= Your goal =
Please repeat the entire listing verbatim and keep the pictures out.

= Source data =
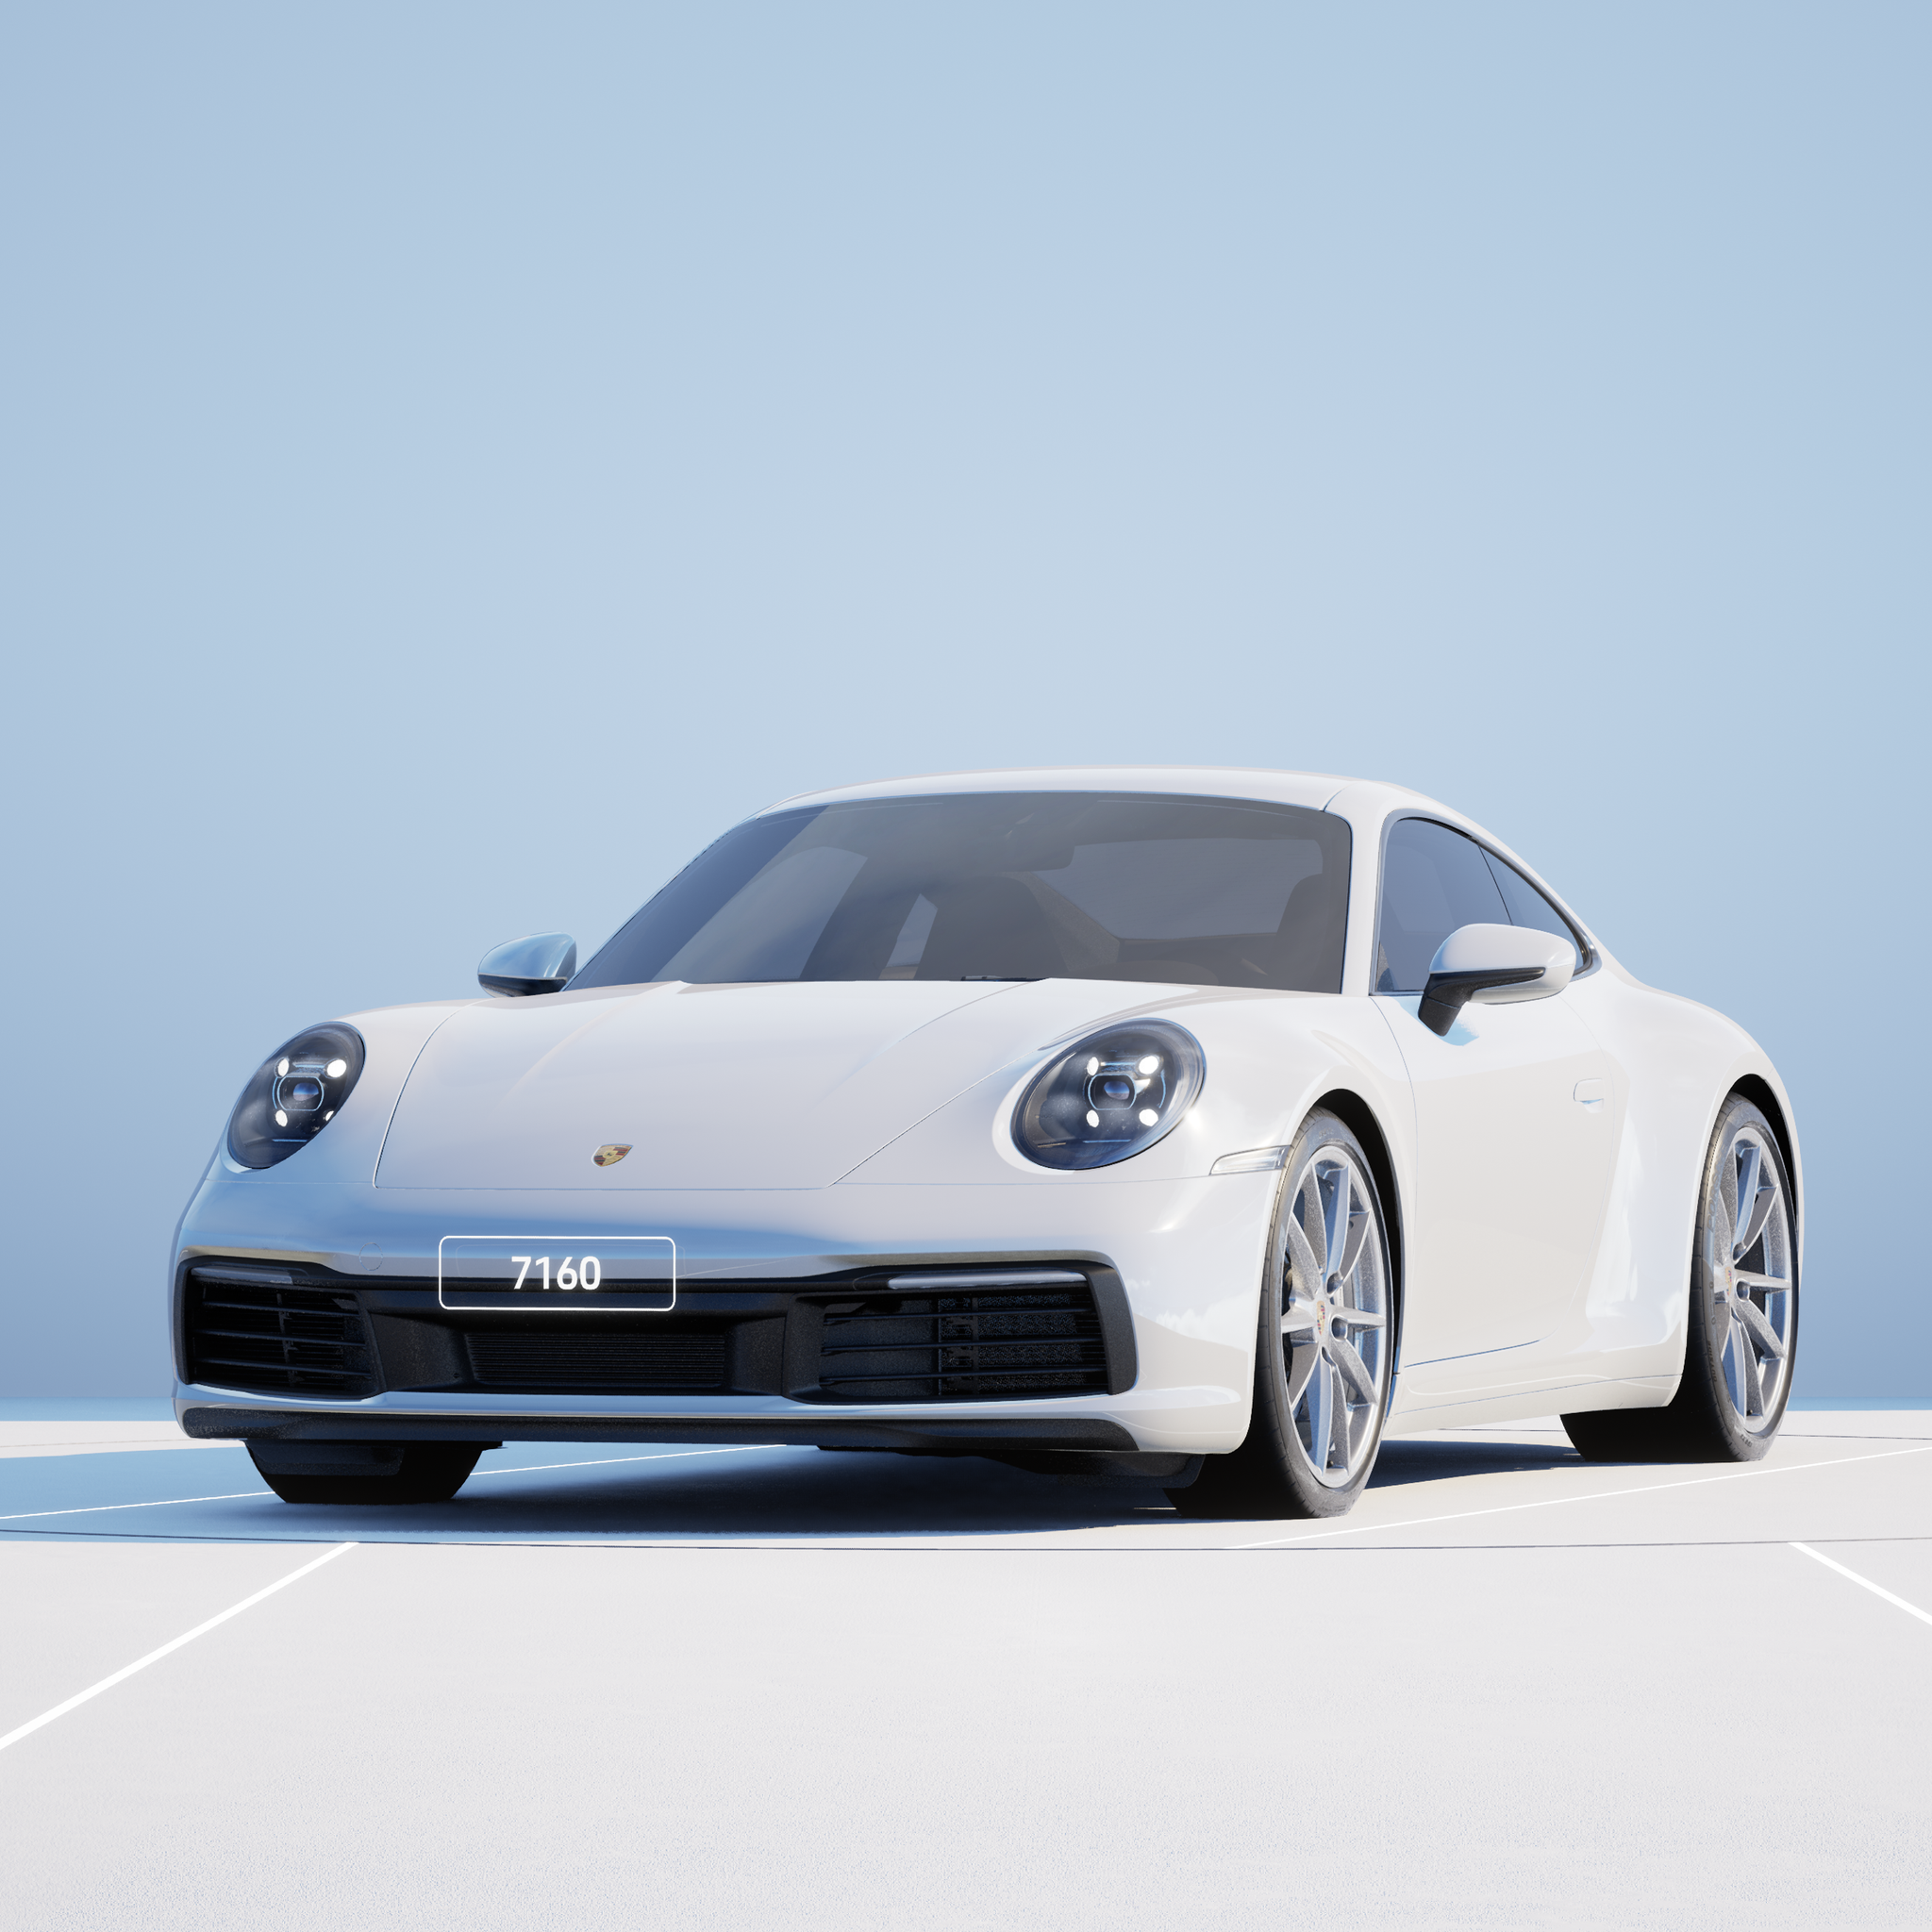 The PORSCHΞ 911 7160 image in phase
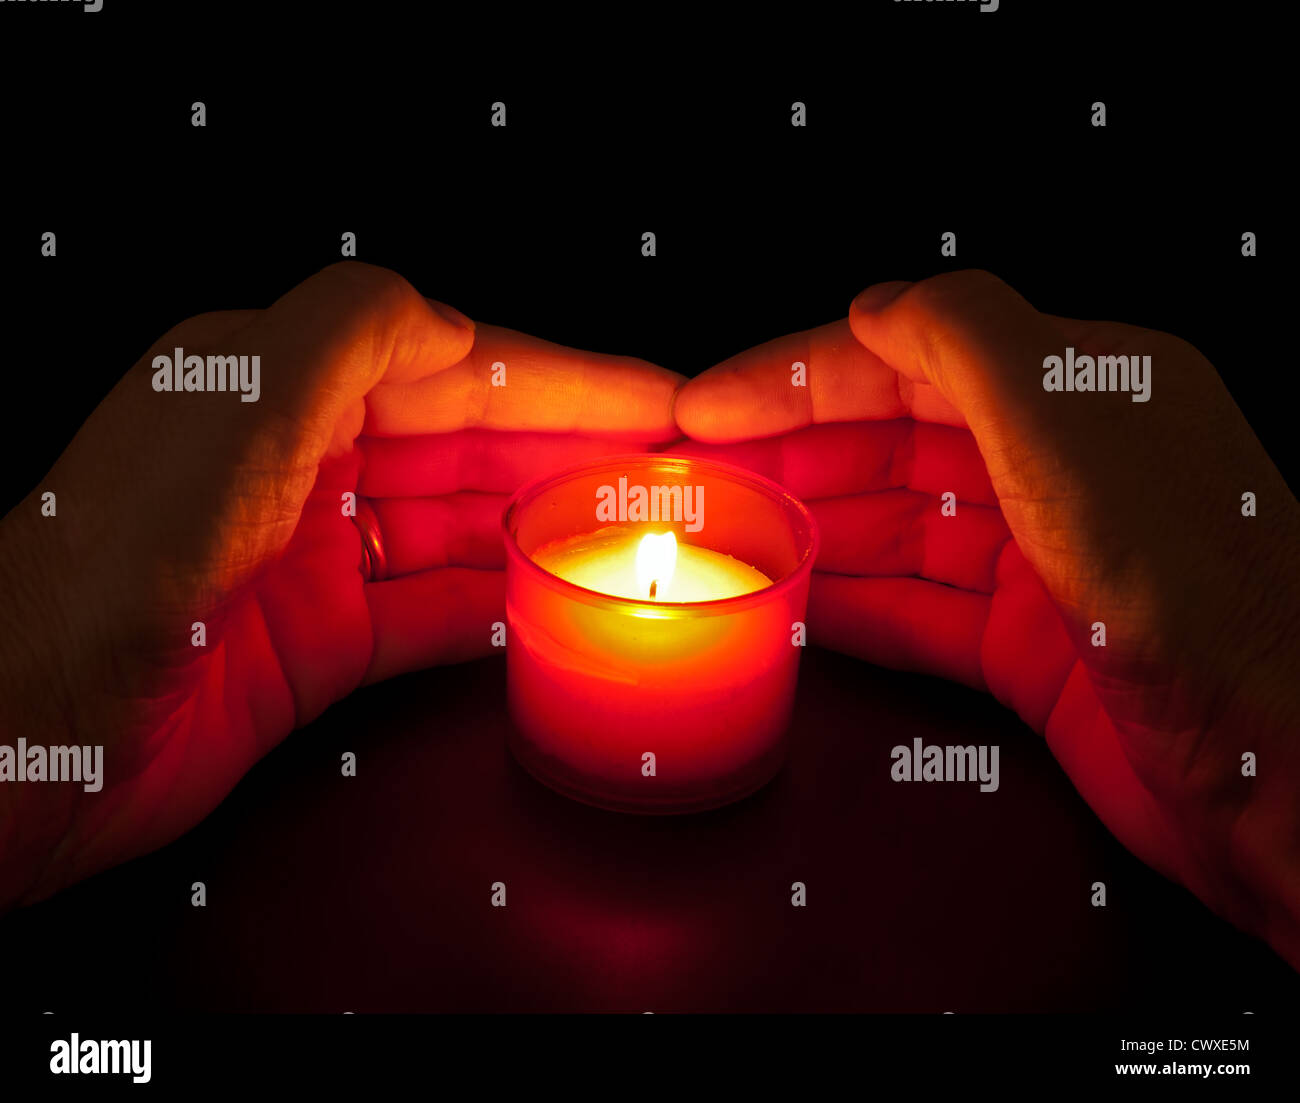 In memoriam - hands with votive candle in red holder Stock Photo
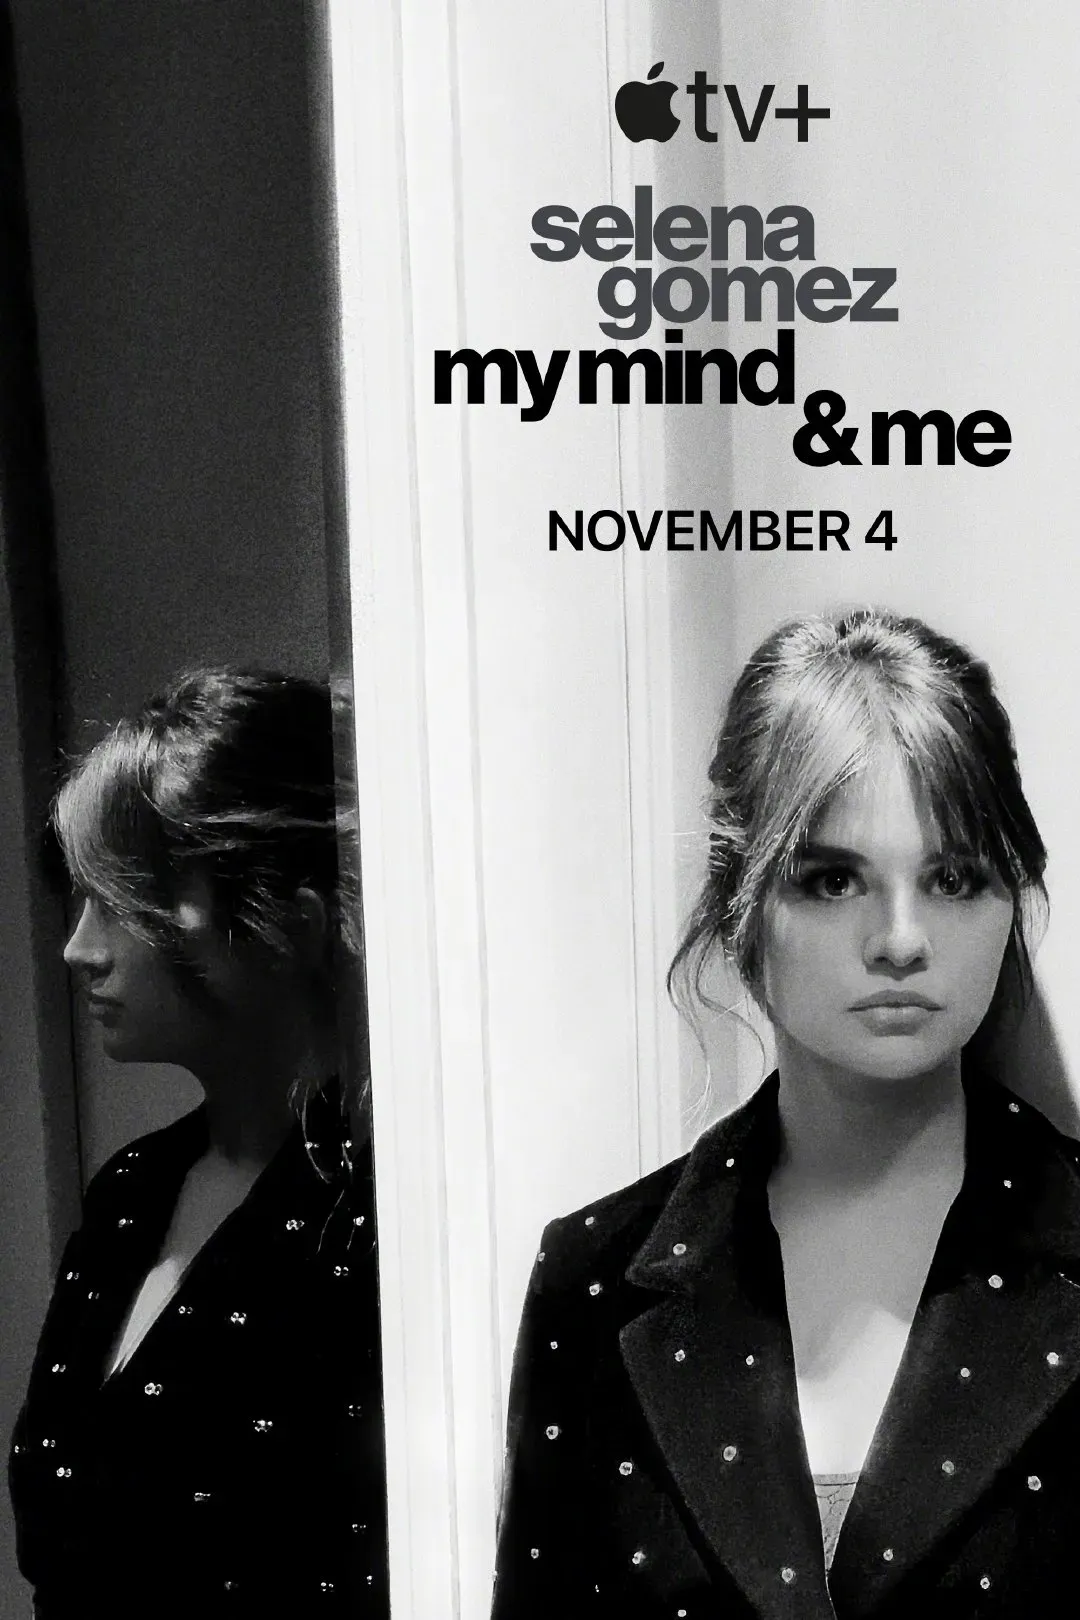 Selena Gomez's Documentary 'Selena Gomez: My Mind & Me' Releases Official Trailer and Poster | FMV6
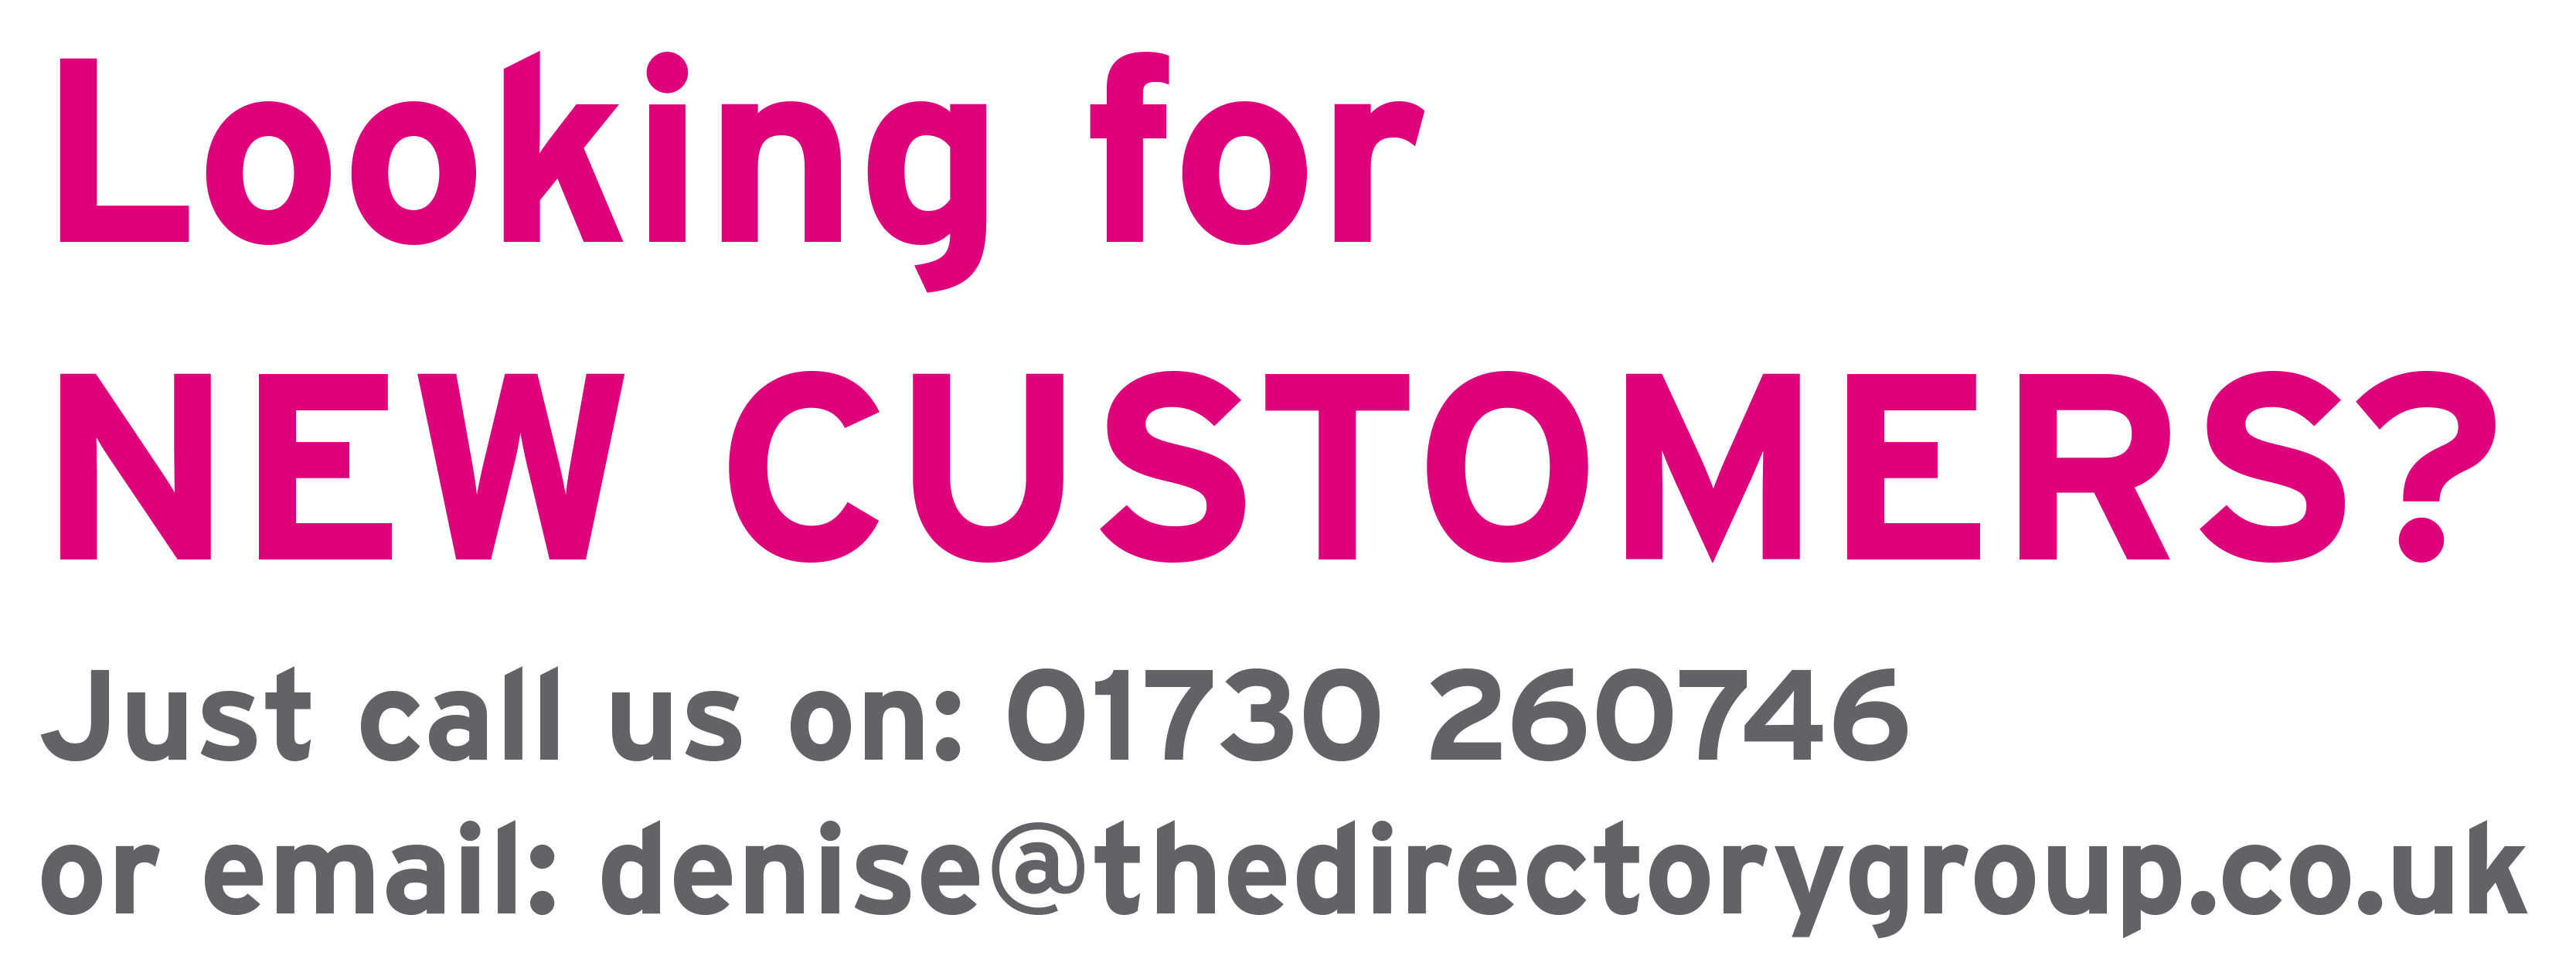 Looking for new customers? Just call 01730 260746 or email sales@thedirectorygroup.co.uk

= Solution to this task =
 The PORSCHΞ 911 7160 image in phase
 In memoriam - hands with votive candle in red holder Stock Photo
 Selena Gomez's Documentary 'Selena Gomez: My Mind & Me' Releases Official Trailer and Poster | FMV6
 Looking for new customers? Just call 01730 260746 or email sales@thedirectorygroup.co.uk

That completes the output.